DESCRIPTION (provided by applicant): Development of an effective vaccine against HIV-1 has been an elusive goal for the past three decades. As a result it has been a major challenge to stem the tide of the epidemic caused by this virus globally. The results of the RV44 efficacy trial in Thailand have spurred a new level of excitement for the development of HIV vaccine and strongly support the development of vaccination approaches that enhance the titer and functional quality of anti-HIV Env antibody that may significantly enhance protection against HIV. The overall goal of this program is to develop novel vaccination approaches that not only enhance the magnitude but also enhance the functional quality of anti-HIV cellular and humoral immunity. Specifically, we propose to combine two new vaccination approaches developed recently at Emory University that showed great promise in rhesus macaques. The first approach uses CD40L, a co-stimulatory molecule for dendritic cells (DC) and B cells, expressed on the surface of HIV VLPs as a genetic adjuvant for enhancing the magnitude and functional quality of HIV-specific cellular and humoral immunity leading to enhanced protection from acquisition of SIV infection. The second approach uses a new MVA that lacks 4 immune modulatory genes (MVAA4) as a vaccine vector that showed a significant increase in the magnitude of HIV-specific cellular and humoral immunity in rhesus macaques. In this program, we hope to combine these two new complementary approaches to develop a novel vaccination strategy against HIV. This program will be a collaborative effort between scientists at the Emory University (Drs. Amara, Mulligan, Derdeyn, and Velu), NIH (Dr. Moss), International AIDS Vaccine Initiative (lAVI; Dr. Dean), Walter Reed Army Institute of Research (WRAIR; Dr. Michael), Louisiana State University (LSU; Dr. Kozlowski) and CDC (Dr. Garber). This Program has 3 projects and two cores. The proposed program builds upon the enormous experience with our DNA and MVA vaccines in the preclinical and clinical settings and strong preliminary data with the new vaccines in the preclinical model. Successful completion of the program will result in the clinical development of two new vaccine products and a novel HIV vaccine.

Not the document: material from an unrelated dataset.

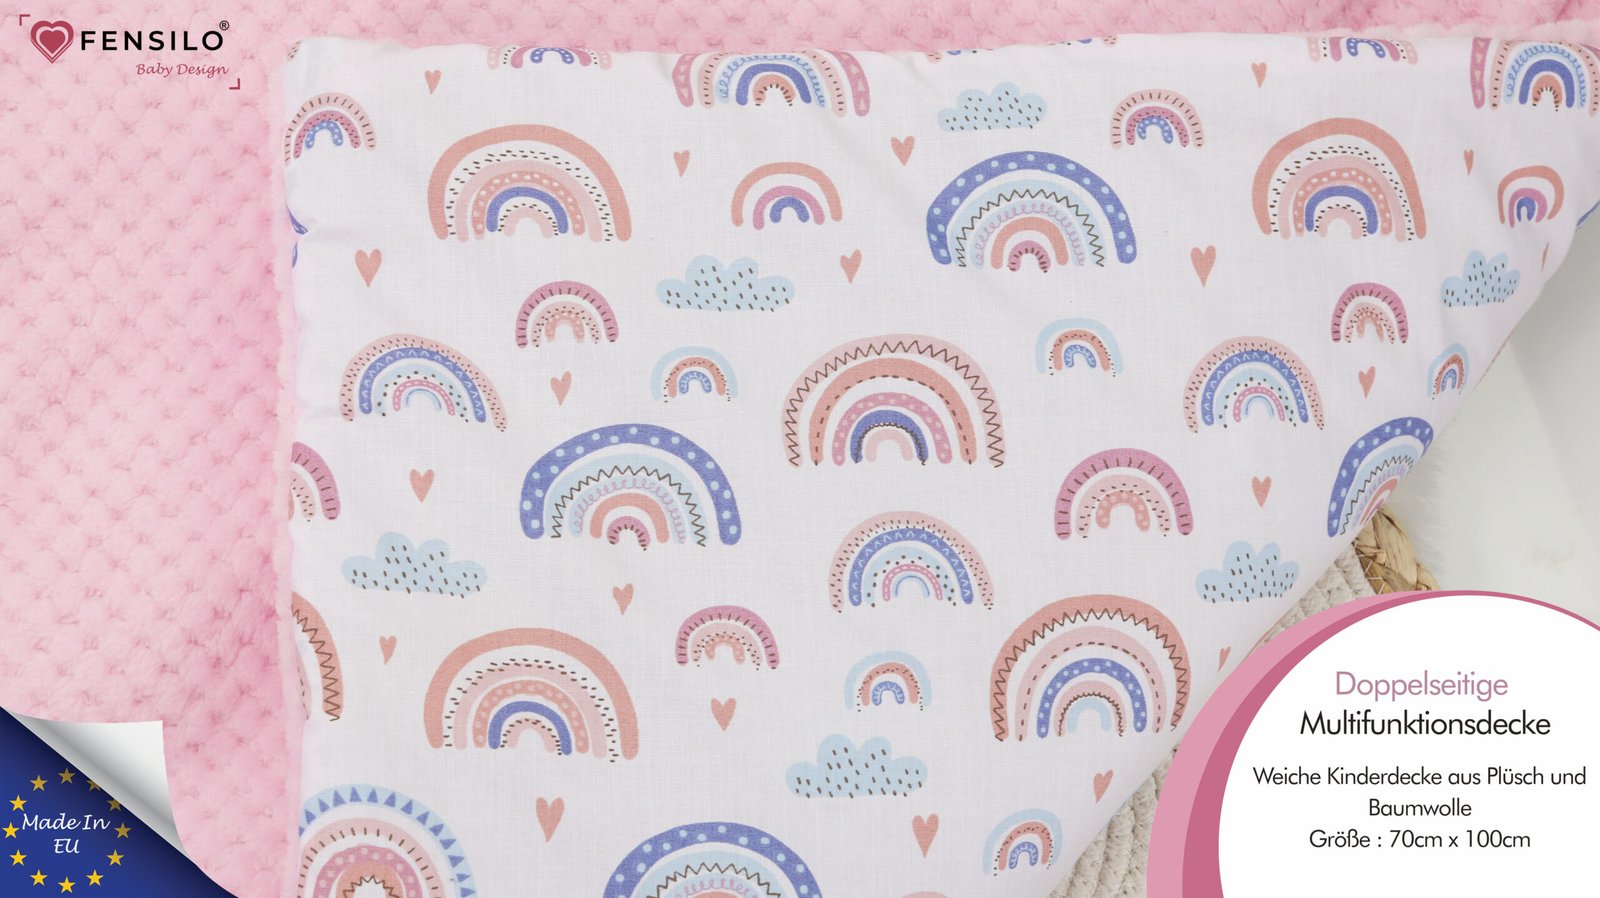 FENSILO Babydecke – Kuscheldecke Baby Ausstattung – Doppelseitige Multifunktionsdecke Krabbeldecke Weiche Kinderdecke aus Plüsch und Baumwolle 70x100cm Hergestellt in der EU Rosa Regenbogen

描述（由申请人提供）：在过去的三十年里，开发一种有效的 HIV-1 疫苗一直是一个难以实现的目标。因此，遏制这种病毒在全球范围内引发的流行病成为一项重大挑战。泰国 RV44 功效试验的结果激发了 HIV 疫苗开发的新高度，并有力支持了疫苗接种方法的开发，这些方法可提高抗 HIV Env 抗体的滴度和功能质量，从而可能显着增强对 HIV 的保护。 该计划的总体目标是开发新的疫苗接种方法，不仅增强抗 HIV 细胞和体液免疫的强度，而且增强其功能质量。具体来说，我们建议结合埃默里大学最近开发的两种新的疫苗接种方法，这两种方法在恒河猴中显示出巨大的前景。第一种方法使用 CD40L，这是一种树突状细胞 (DC) 和 B 细胞的共刺激分子，在 HIV VLP 表面表达，作为遗传佐剂，用于增强 HIV 特异性细胞和体液免疫的强度和功能质量，从而增强对 SIV 感染的保护。第二种方法使用缺乏 4 个免疫调节基因 (MVAA4) 的新 MVA 作为疫苗载体，该载体显示恒河猴的 HIV 特异性细胞和体液免疫程度显着增加。在这个项目中，我们希望将这两种新的互补方法结合起来，开发一种新的艾滋病毒疫苗接种策略。该计划将由埃默里大学（Amara、Mulligan、Derdeyn 和 Velu 博士）、NIH（Moss 博士）、国际艾滋病疫苗倡议（lAVI；Dean 博士）、沃尔特·里德陆军研究所（WRAIR；Michael 博士）、路易斯安那州立大学（LSU；Kozlowski 博士）和 CDC（Garber 博士）的科学家共同努力。 该计划有3个项目和两个核心。拟议的计划建立在我们的 DNA 和 MVA 疫苗在临床前和临床环境中的丰富经验以及临床前模型中新疫苗的强大初步数据的基础上。该计划的成功完成将导致两种新疫苗产品和一种新型艾滋病毒疫苗的临床开发。